AFTER HER BABY GIRL WAS BORN DEAD, LIZZIE LIVED in a world of gray colors, silent people, rain and mist. She let the household staff do as they pleased, realizing vaguely after a while that Mack had taken charge of them. She no longer patrolled the plantation every day: she left the tobacco fields to Lennox. Sometimes she visited Mrs. Thumson or Suzy Delahaye, for they were willing to talk about the baby as long as she liked; but she did not go to parties or balls. Every Sunday she attended church in Fredericksburg, and after the service she spent an hour or two in the graveyard, standing and looking at the tiny tombstone, thinking about what might have been.
She was quite sure it was all her fault. She had continued to ride horses until she was four or five months pregnant; she had not rested as much as people said she should; and she had ridden ten miles in the buggy, urging Mack to go faster and faster, on the night the baby was stillborn.
She was angry with Jay for being away from home that night; with Dr. Finch for refusing to come out for a slave girl; and with Mack for doing her bidding and driving fast. But most of all she was angry with herself. She loathed and despised herself for being an inadequate mother-to-be, for her impulsiveness and impatience and inability to listen to advice. If I were not like this, she thought, if I were a normal person, sensible and reasonable and cautious, I would have a little baby girl now.
She could not talk to Jay about it. At first he had been angry. He had railed at Lizzie, vowed to shoot Dr. Finch and threatened to have Mack flogged; but his rage had evaporated when he learned the baby had been a girl, and now he acted as if Lizzie had never been pregnant.
For a while she talked to Mack. The birth had brought them very close. He had wrapped her in his cloak and held her knees and tenderly handled the poor baby. At first he was a great comfort to her, but after a few weeks she sensed him becoming impatient. It was not his baby, she thought, and he could not truly share her grief. Nobody could. So she withdrew into herself.
One day three months after the birth she went to the nursery wing, still gleaming with fresh paint, and sat alone. She imagined a little girl there in a cradle, gurgling happily or crying to be fed, dressed in pretty white frocks and tiny knitted boots, suckling at her nipple or being bathed in a bowl. The vision was so intense that tears filled her eyes and rolled down her face, although she made no sound.
Mack came in while she was like that. Some debris had fallen down the chimney during a storm and he knelt at the fireplace and began to clear it up. He did not comment on her tears.
“I’m so unhappy,” she said.
He did not pause in his work. “This will not do you any good,” he replied in a hard voice.
“I expected more sympathy from you,” she said miserably.
“You can’t spend your life sitting in the nursery crying. Everyone dies sooner or later. The rest have to live on.”
“I don’t really want to. What have I got to live for?”
“Don’t be so damned pathetic, Lizzie—it’s not your nature.”
She was shocked.
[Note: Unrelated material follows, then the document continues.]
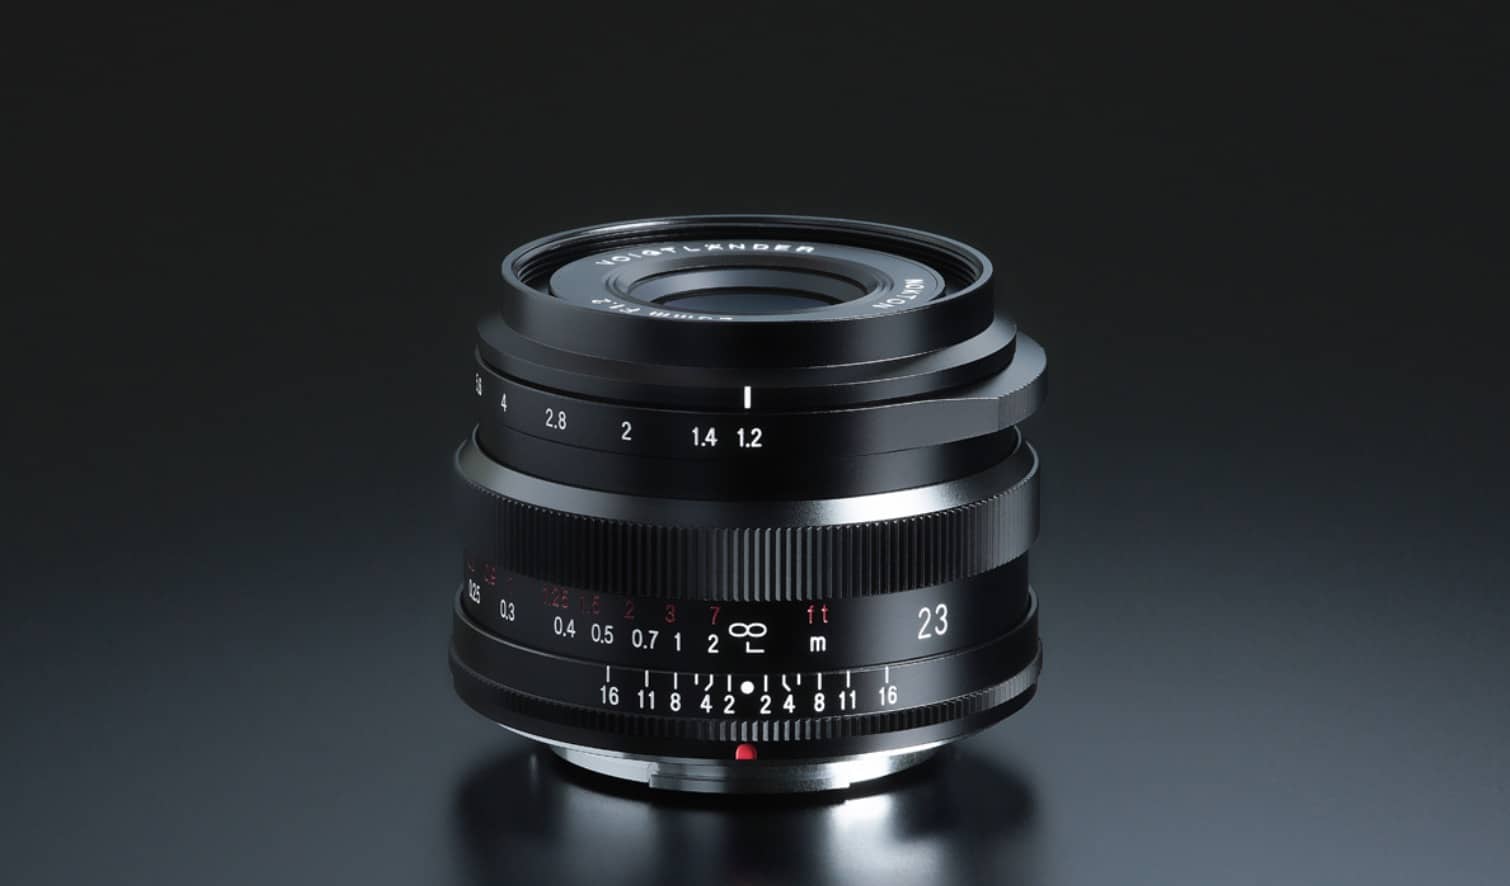 Cosina ra mắt ống kính NOKTON 23mm F1.2 Aspherical dành cho Fujifilm ngàm X
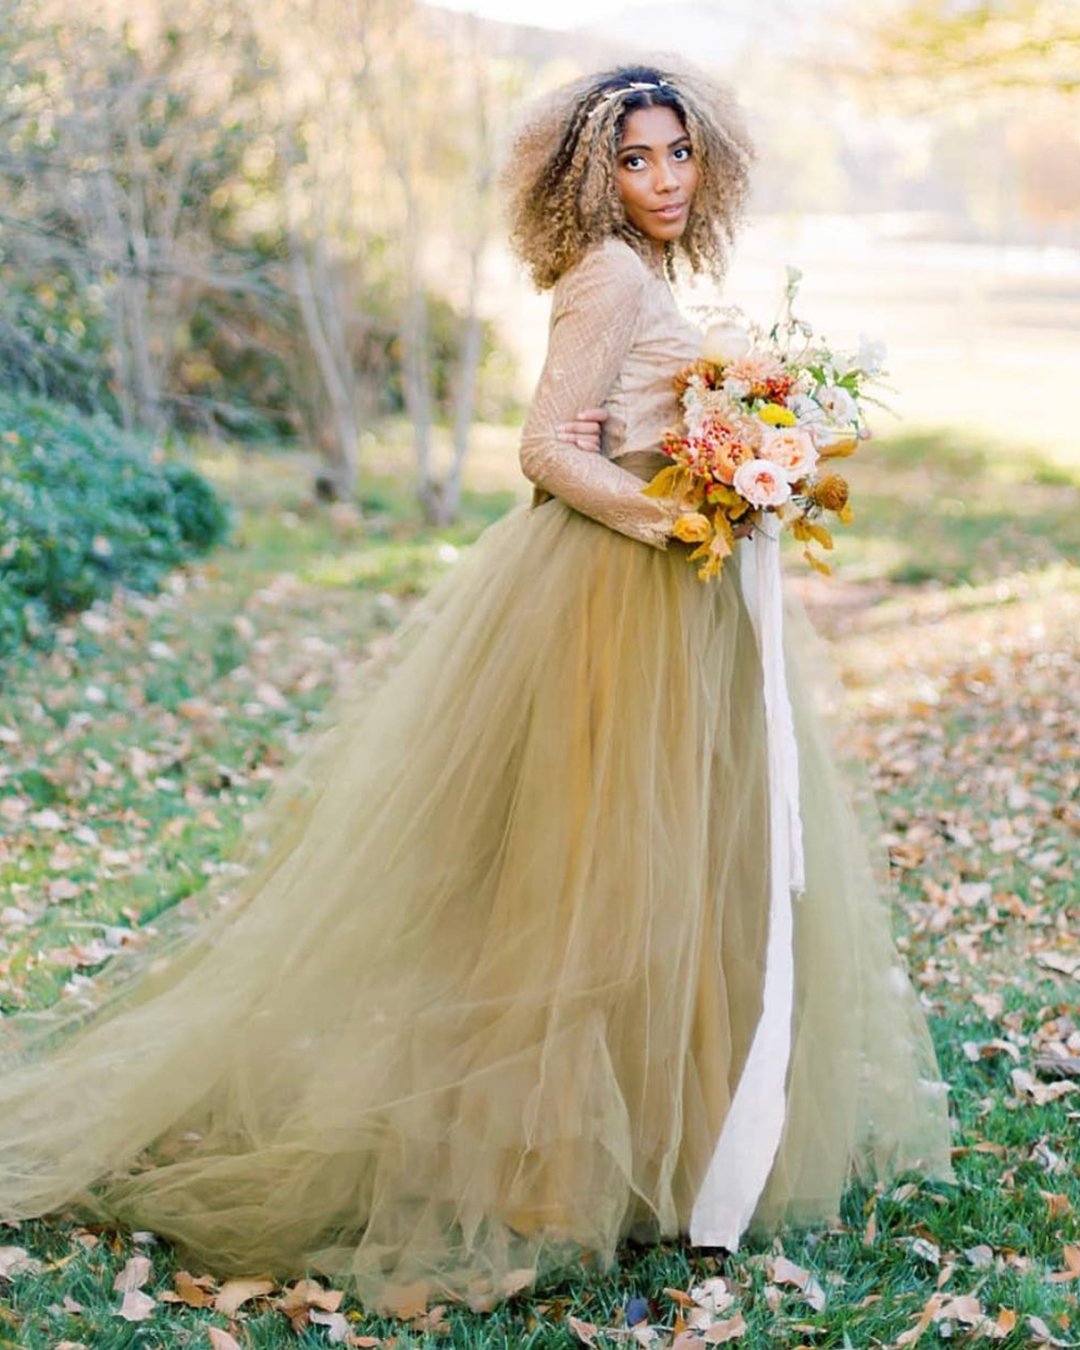 colourful wedding dresses yellow tulle skirt edenluxe

No one had spoken unkindly to her since the stillbirth. What right did Mack have to make her even more unhappy? “You ought not to talk to me like that,” she said.
He surprised her by rounding on her. Dropping his brush, he grabbed her by both her arms and pulled her up out of her chair. “Don’t tell me about my rights,” he said.
He was so angry she was afraid he would do violence to her. “Leave me alone!”
“Too many people are leaving you alone,” he said, but he put her down.
“What am I supposed to do?” she said.
“Anything you like. Get a ship back home and go and live with your mother in Aberdeen. Have a love affair with Colonel Thumson. Run away to the frontier with some ne’er-do-well.” He paused and looked hard at her. “Or—make up your mind to be a wife to Jay, and have another baby.”
That surprised her. “I thought …”
“What did you think?”
“Nothing.” She had known for some time that he was at least half in love with her. After the failed party for the field hands he had touched her tenderly and stroked her in a way that could only be loving. He had kissed the hot tears on her face. There was more than mere pity in his embrace.
And there was more in her response than the need for sympathy. She had clung to his hard body and savored the touch of his lips on her skin, and that was not just because she felt sorry for herself.
But all those feelings had faded since the baby. Her heart was empty. She had no passions, just regrets.
She felt ashamed and embarrassed to have had such desires. The lascivious wife who tried to seduce the bonny young footman was a stock character in comic novels.